Although, since I’ve careened into the subject of music, I will say that “Skips’ Stress” features some of the best music and sound design in the show’s history. There are two major music-backed montages in this episode, one at the beginning that illustrates Skips’ growing stress and one in the middle that shows the gang’s journey to the Himalayas. The first features light, mildly funky music that emphasizes the mundane drudgery of the park; the music doesn’t really try to sell Skips’ meltdown, but it does establish a low-key mood the rest of the episode can then play against. The second montage is rather more impressive, especially when paired with the animation of Pops’ car fly across various impressive vistas.

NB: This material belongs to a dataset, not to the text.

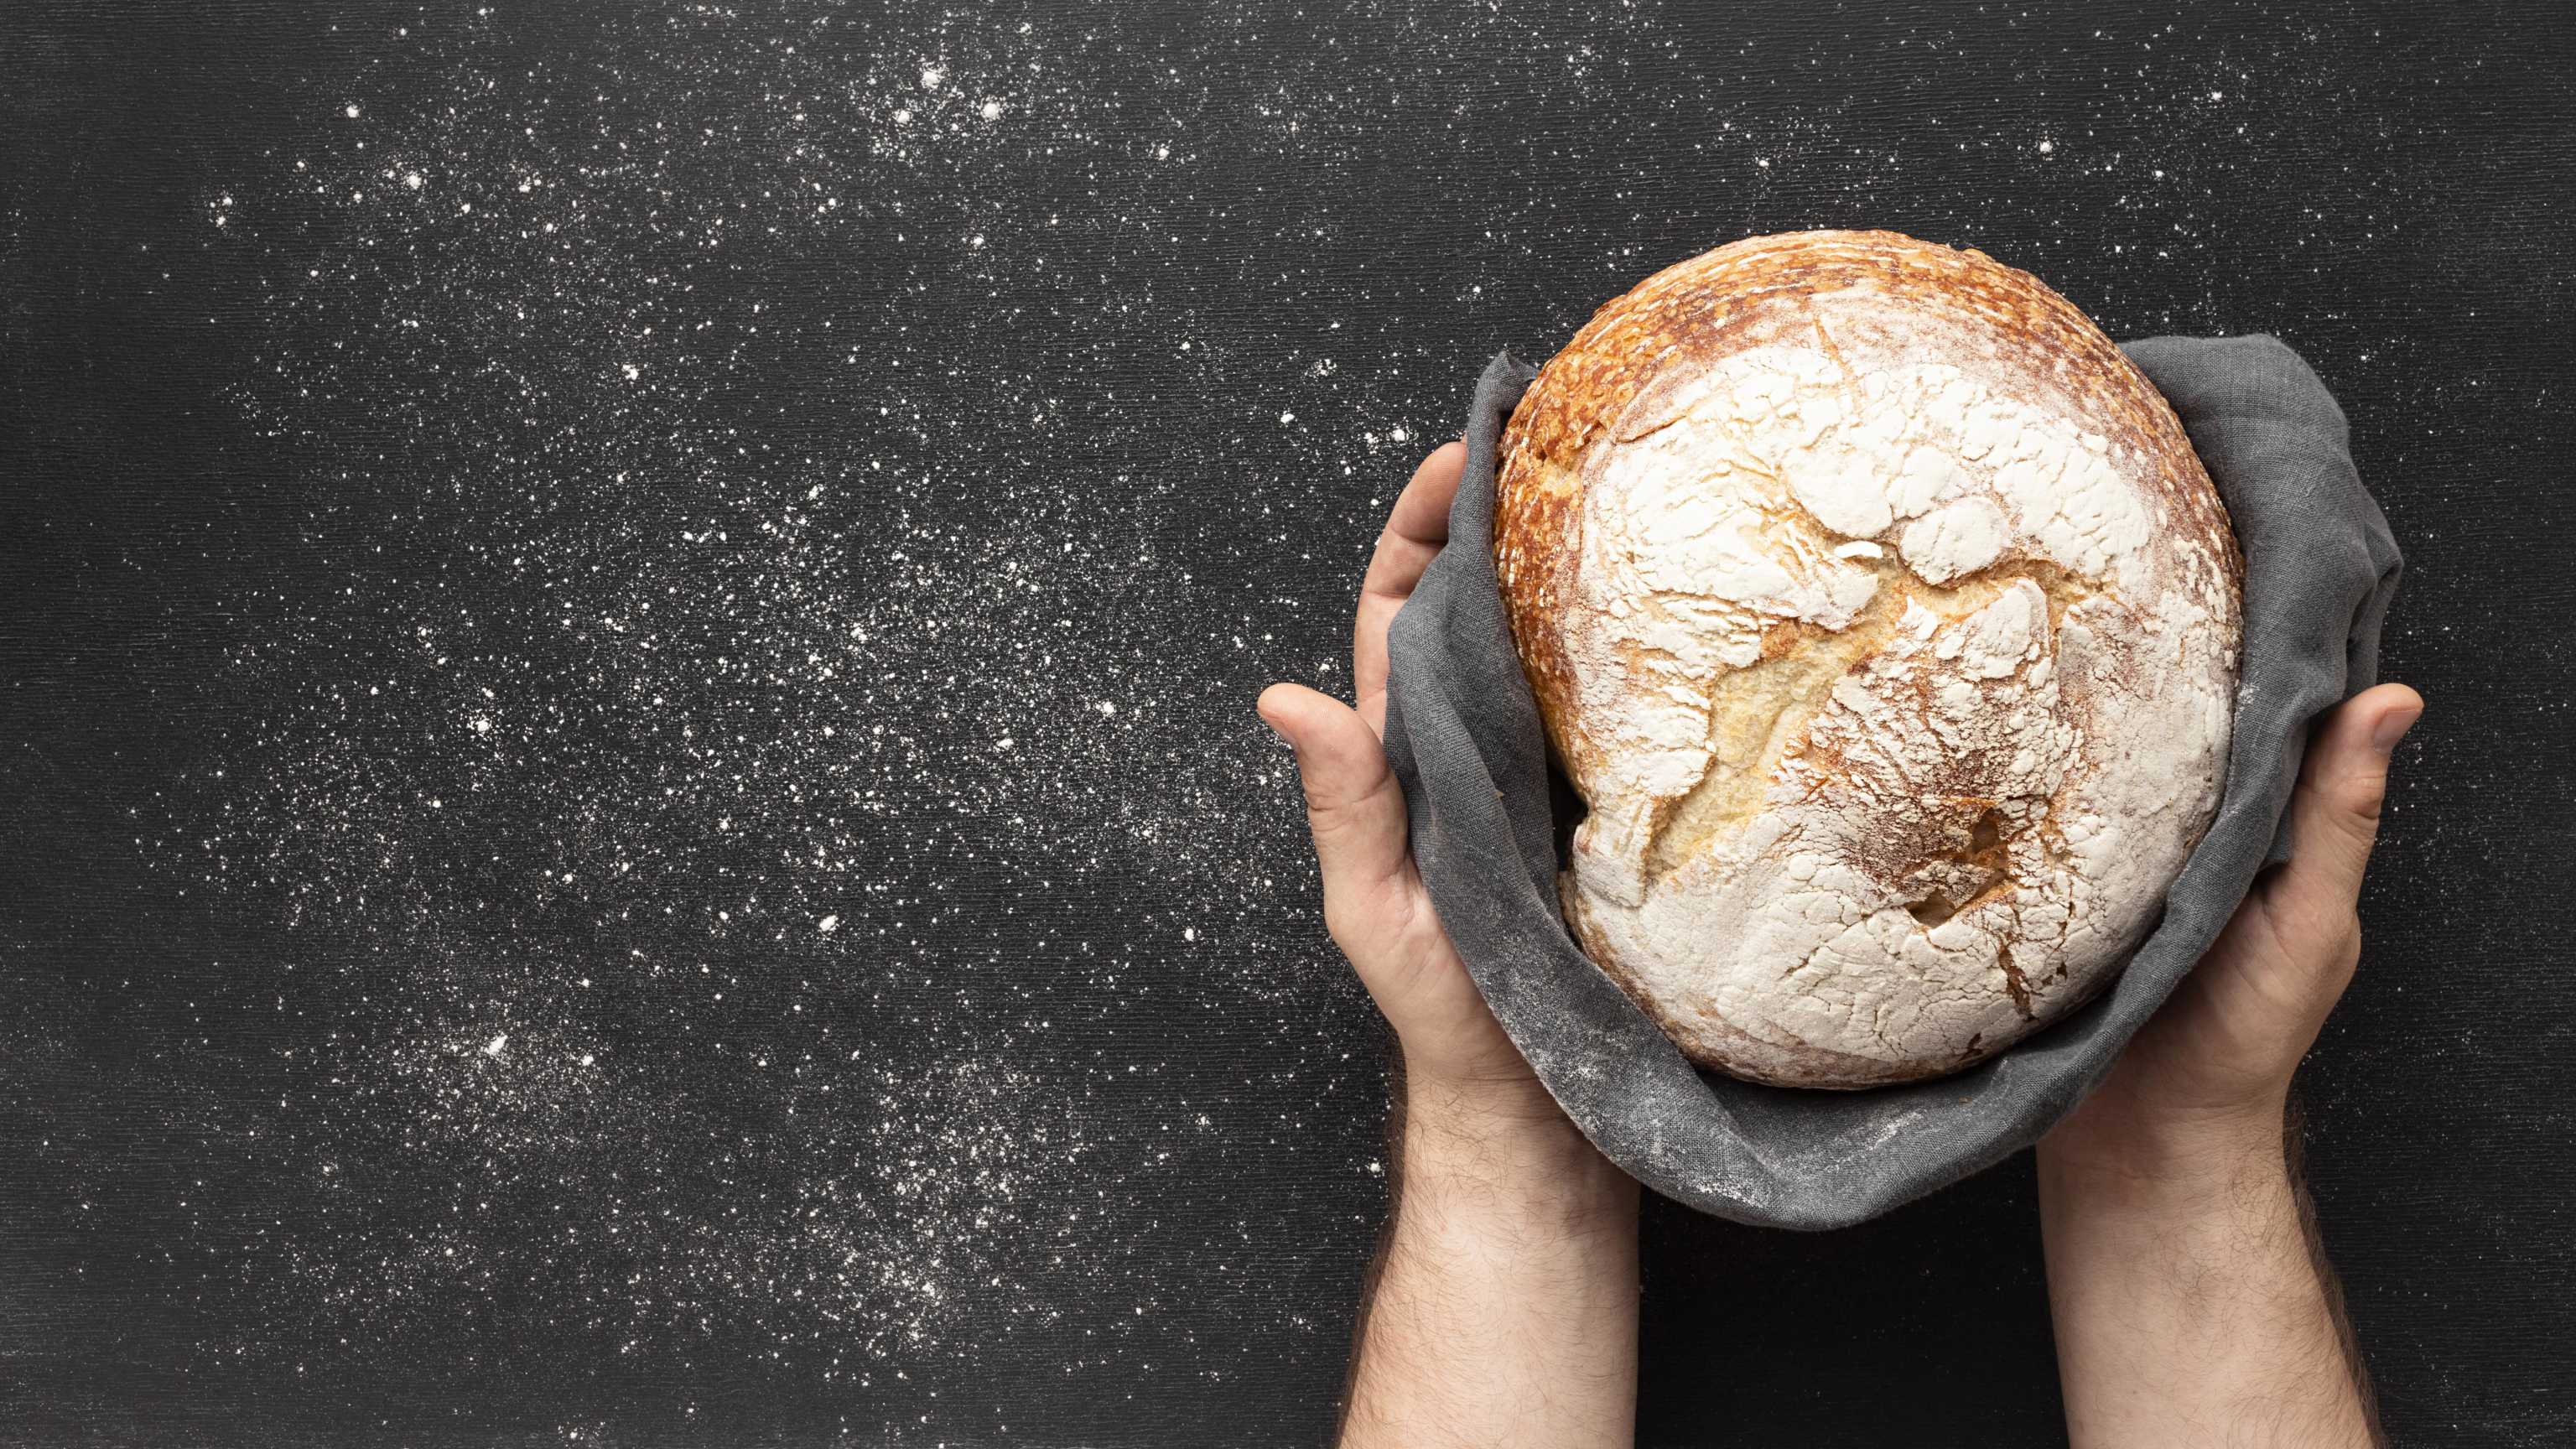 Backe Dein erstes eigenes Brot zuhause - Anleitung für Anfänger

The music lends the journey an epic quality, but it also adds a wistful tone, as though this might really be Skips’ final travel before his demise. Beyond being entertaining in their own right, the montages also compress key chunks of the story, creating the illusion of far more story than could ever be contained in Regular Show’s normal length; this is the first time I’ve watched something only 11 minutes long that feels so much like a movie. The constant changes in location, atmosphere, and mood—from a day at the park to the Two Peaks Mall and the pharmacist to Skips’ stress dream to the journey to the Himalayas to the final confrontation with the monster—makes the episode feel bigger and grander than should really be possible.
This is what happens when a show plays to all its core strengths. By focusing on Skips and the Park employees, Regular Show is able to glide right past the usual plot explanations and character introductions; instead, the show can get straight to the jokes, character moments, and inventive animation. As much as I’ve enjoyed this season’s frequent storytelling experimentation, this is just about the strongest possible reminder of why back-to-basics episodes are crucial to a show’s long-term success.
- “I’m sorry sir, but if you don’t take immediate action to reduce your stress levels, you will die. Now, can I interest you in any bandages or breath strips?” The pharmacist is a great side character, especially since everyone except Skips treats him like he’s a doctor. His final line just slayed me.
- “Skips, I’ve got to start the show. Where’s my fish? Where’s my fish?” The dream sequence makes great use of color and shadowing, not to mention the surreal transformations from leering versions of Skips’ friends into full-on stress monsters.
- “Skips, we ruptured another gas line!” I have so, so many questions about whatever Muscle Man and Hi-Five Ghost were up to with that chainsaw.